Once again, new and inexperienced Bitcoin investors (speculators) bought into Bitcoin on the hype and sold on panic — losing millions of dollars in the process.
Because what many investors fail to recognize is that if everyone knows the information that is responsible for any instrument rising or falling in price — that doesn’t affect its price any more, it’s already baked in.
That’s why I said last week that the “halving” doesn’t matter — if nothing else, it presents an excellent opportunity for traders who collected Bitcoin at lower prices to sell into the hype of “halving.”
Less of anything doesn’t automatically make it more valuable. Less Bitcoin is not more valuable unless one accepts Bitcoin’s inherent value — and the jury is still out on that one.
Similarly, it’s not at all clear whether the only way for oil is up.
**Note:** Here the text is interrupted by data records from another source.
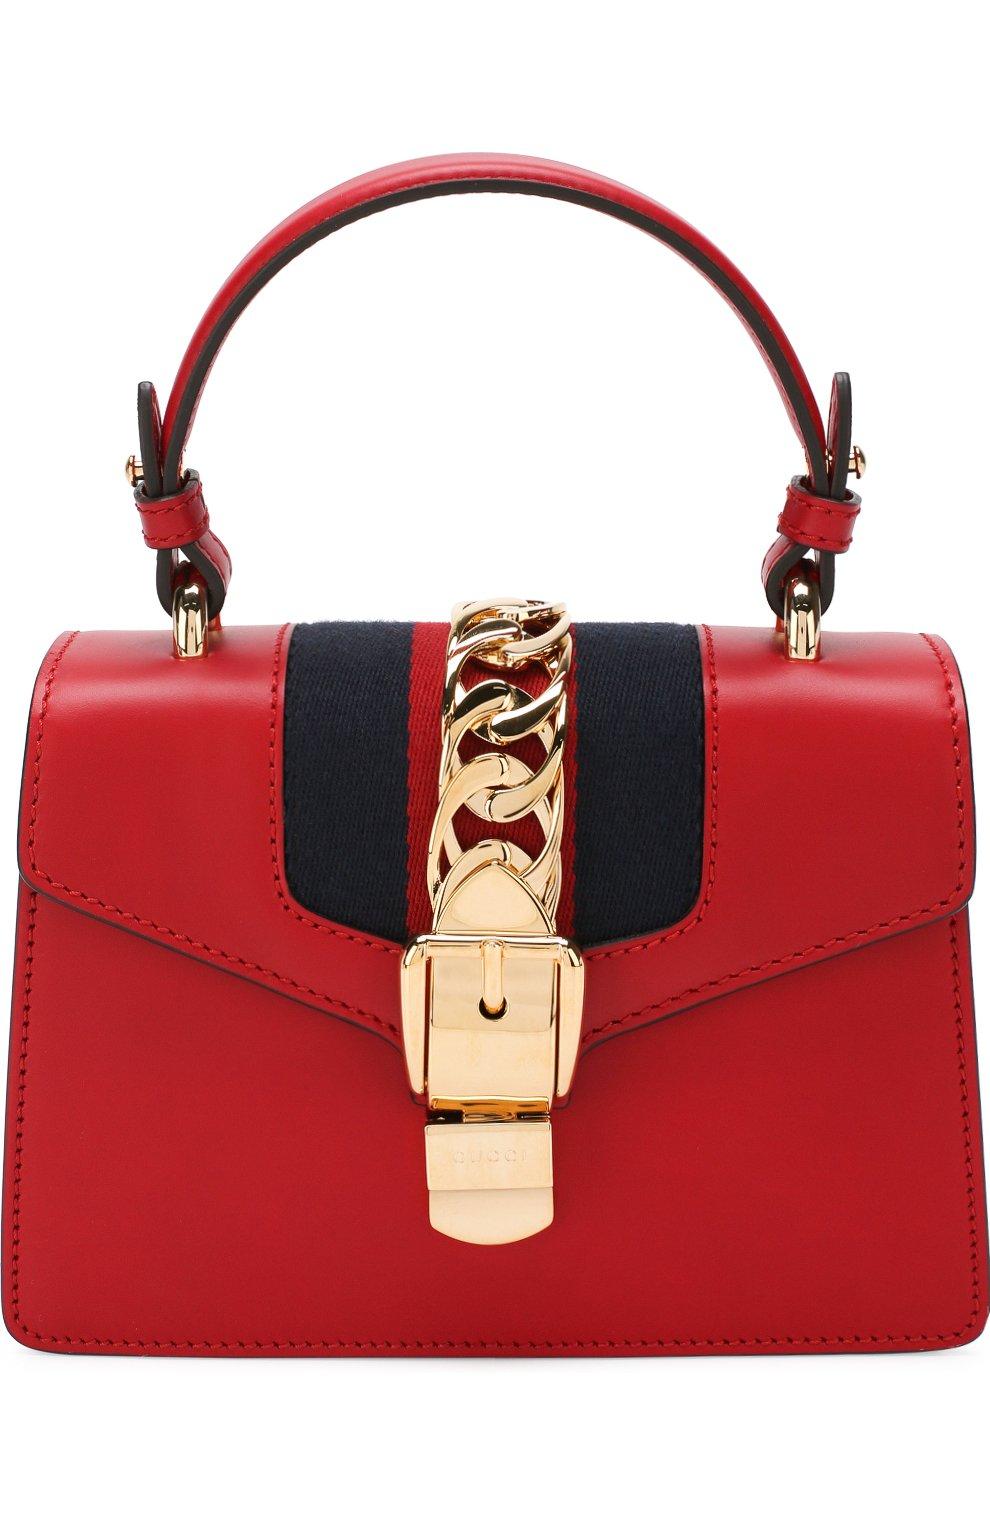 b12c87b6e079 Женская сумка sylvie mini GUCCI красная цвета — купить за 152000 руб ...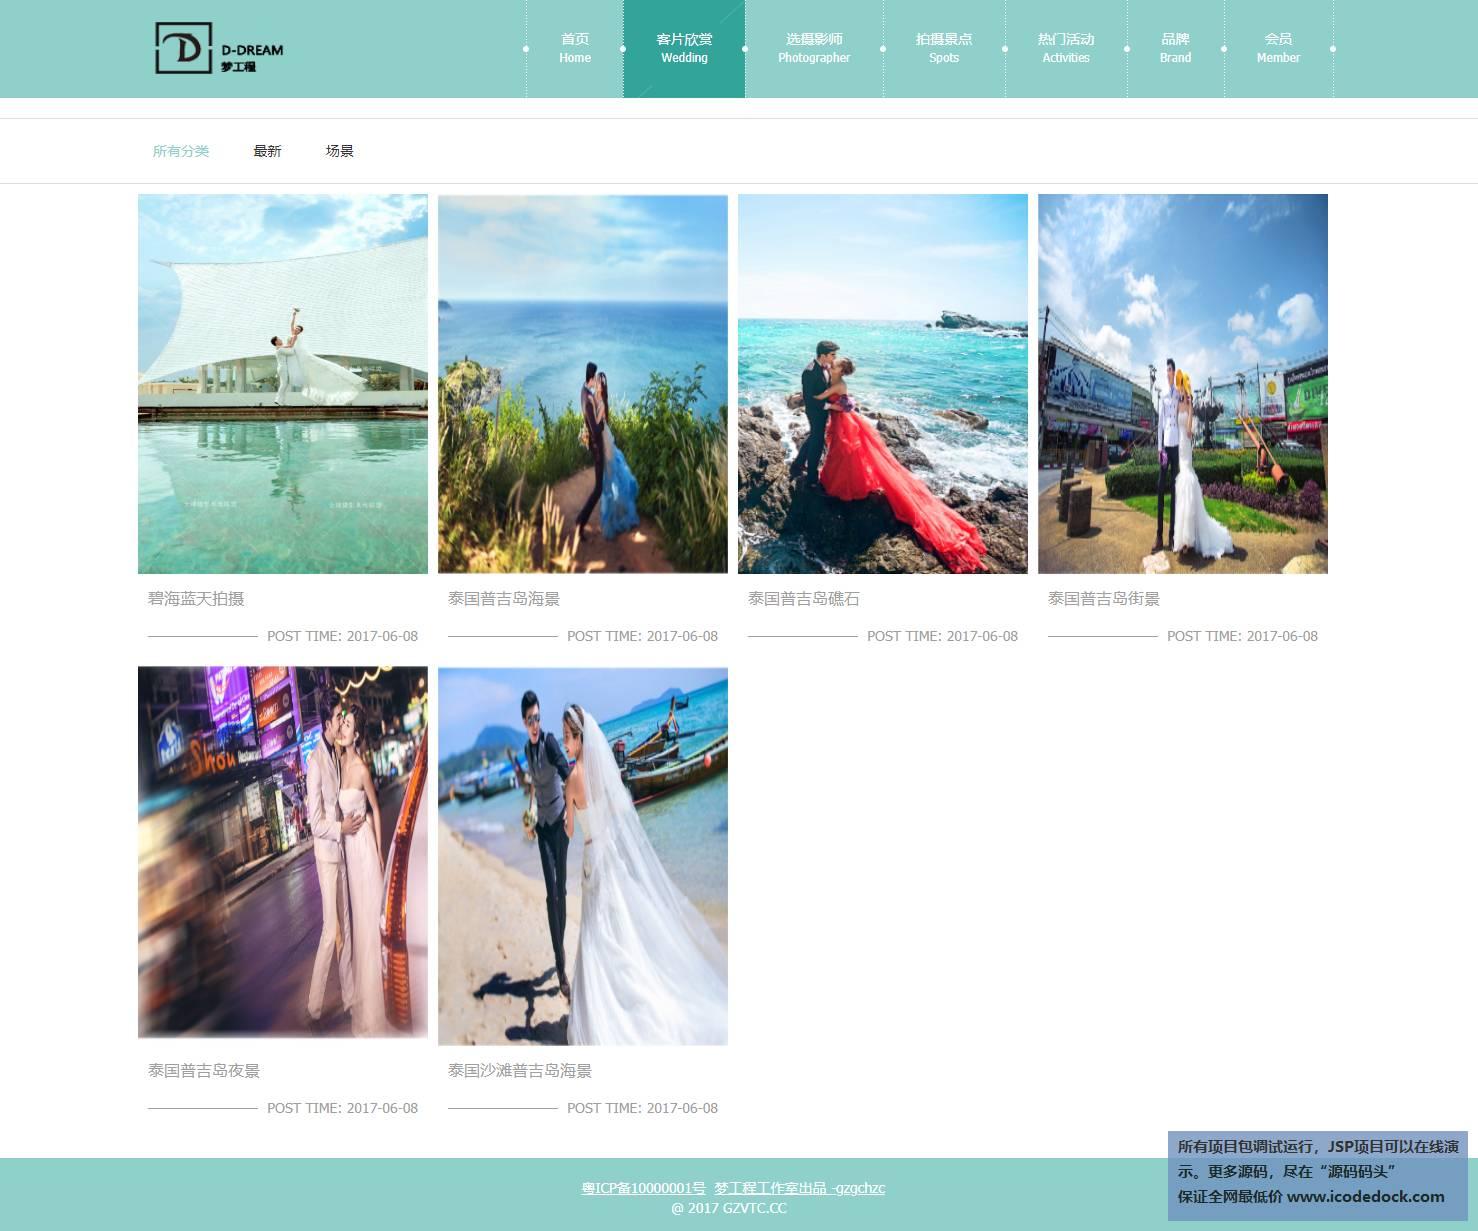 源码码头-SpringBoot婚纱影楼摄影预约网站-客户角色-客片欣赏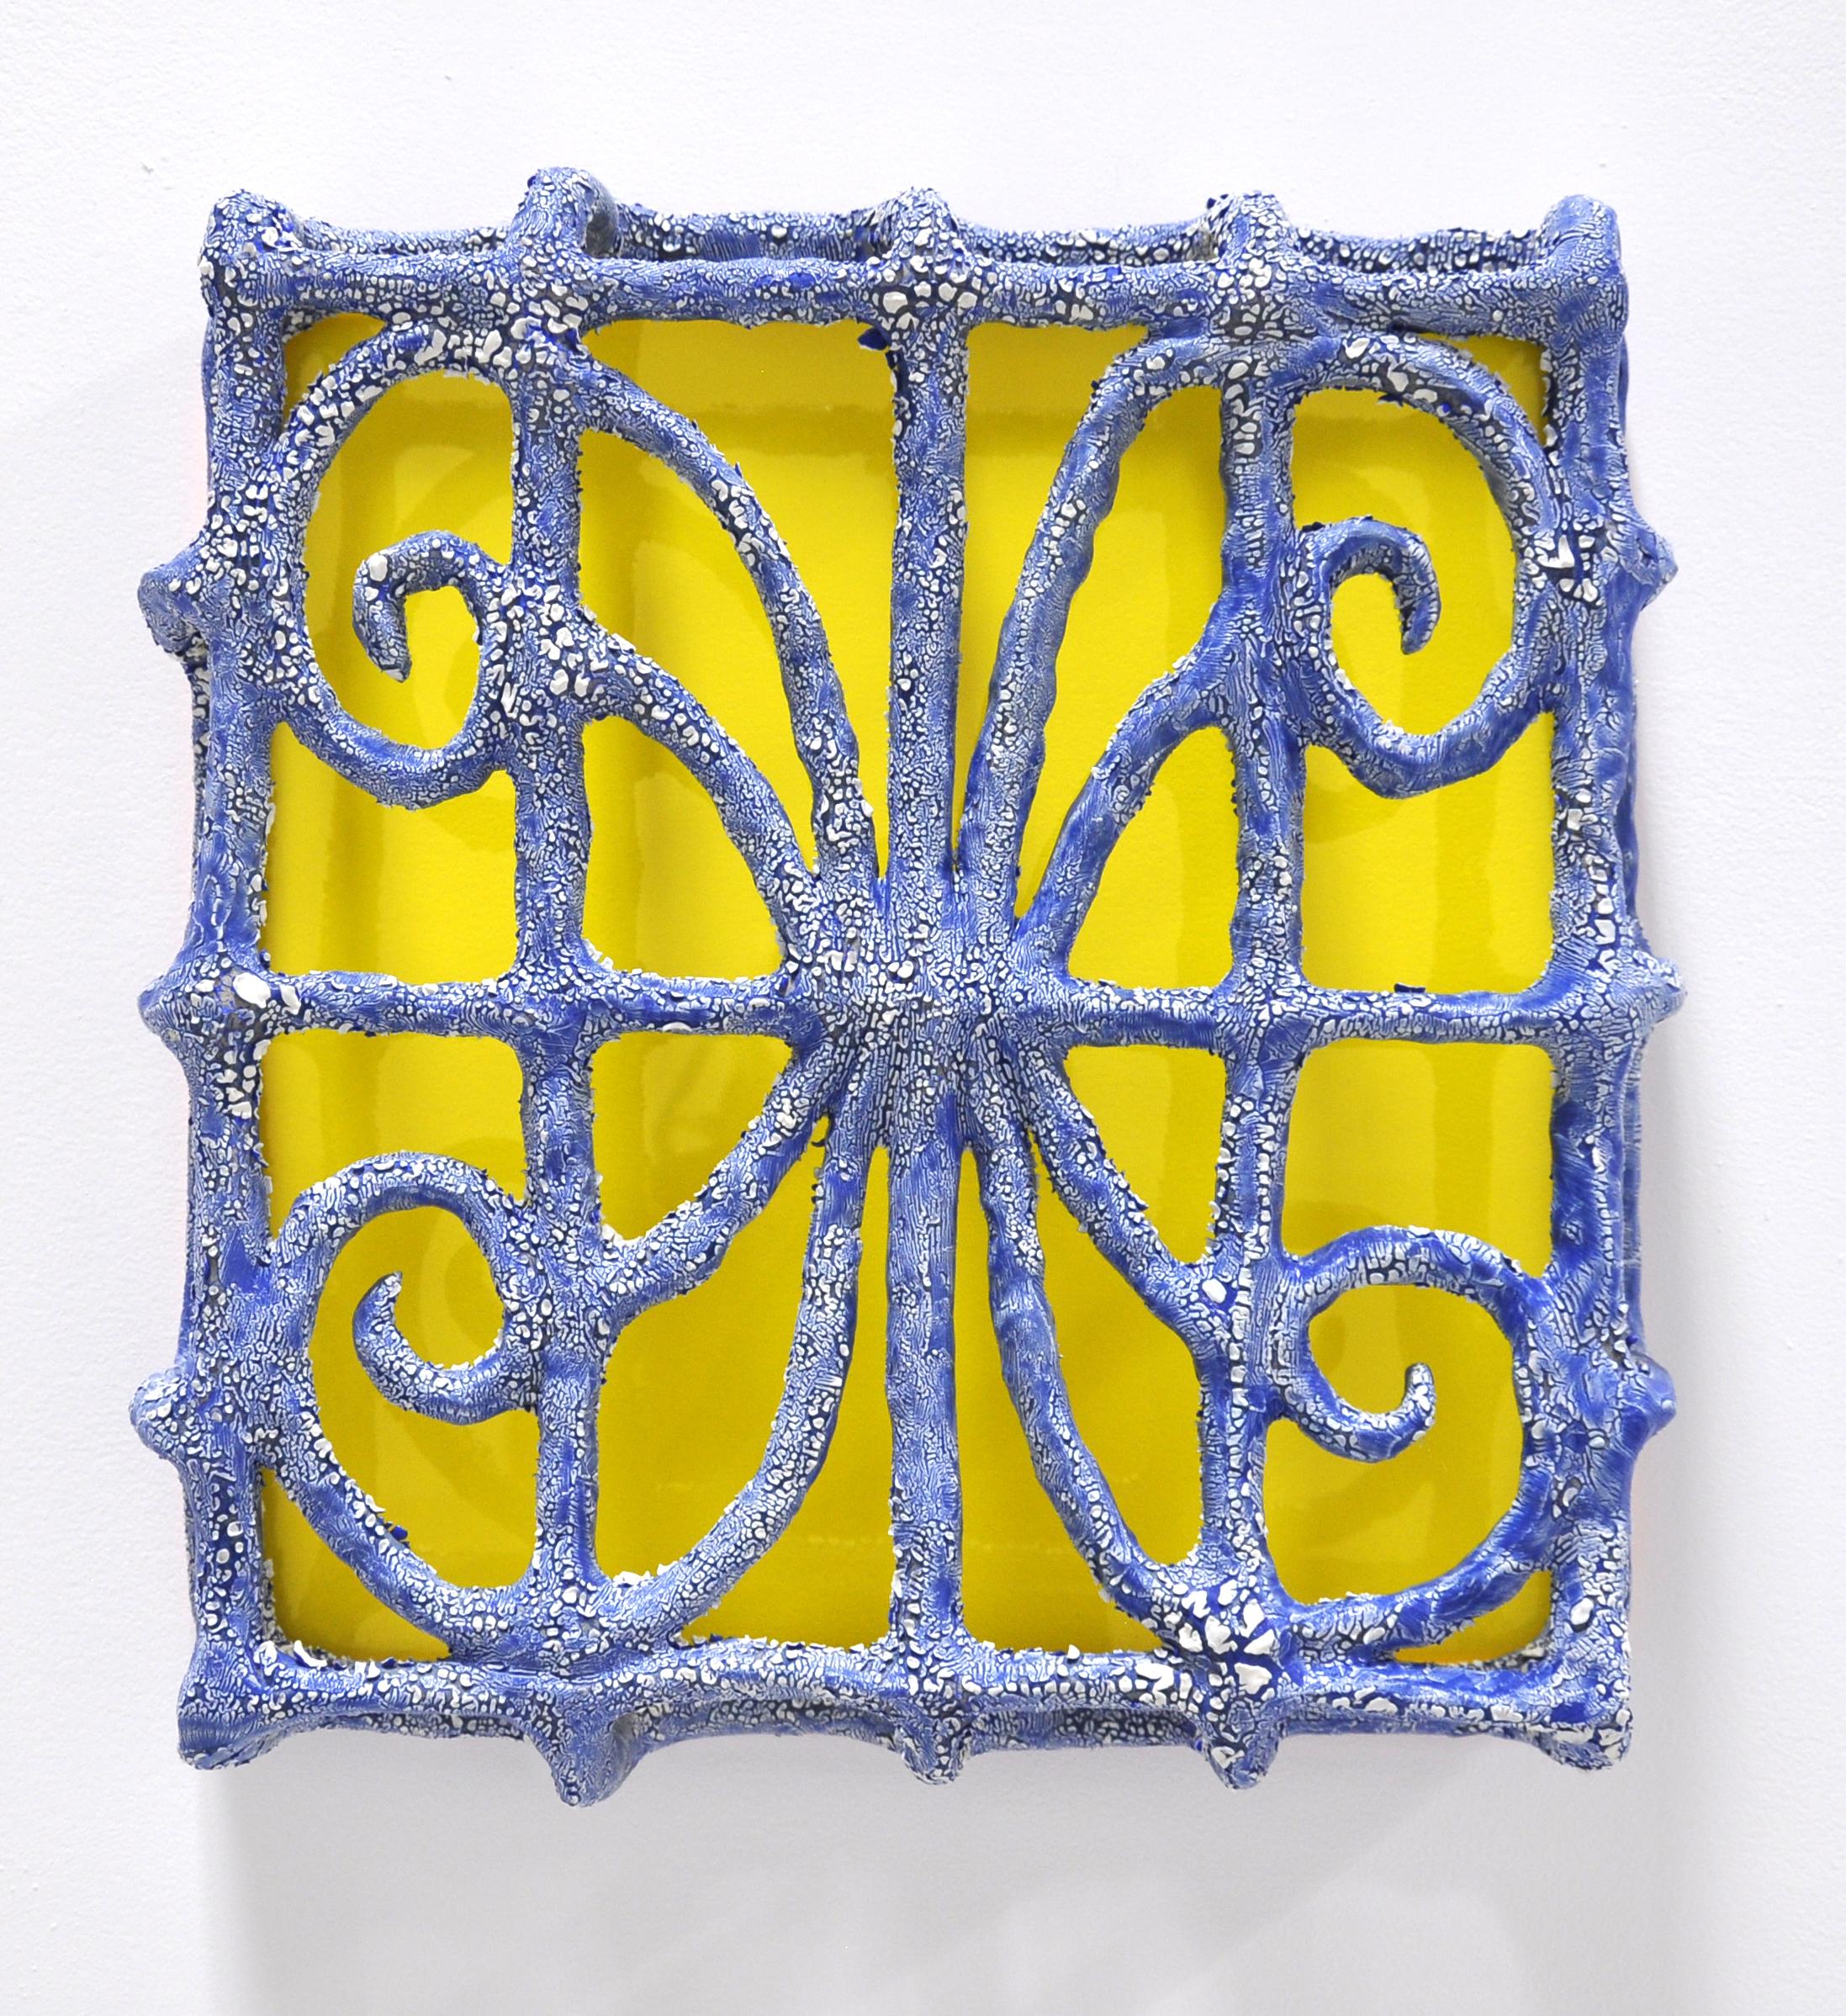 Nick Makanna, Isolationism I, 2019, Glazed ceramic and plexiglass, 20 x 5 x 19 in, $2000

Skies have never been more blue and the climate challenge posed by oil means that it’s uncertain oil demand will ever return to pre-coronavirus levels.
Bitcoin’s “halving” or a “bottoming of the oil market” or any other number of factors that are well-known and well-documented can’t cause anything because they’re already known, which means that odds are the market has already priced in this information.
But inexperienced investors don’t know that and when you’ve been locked away in your house or apartment for over a month, suddenly anything can look like a good investment.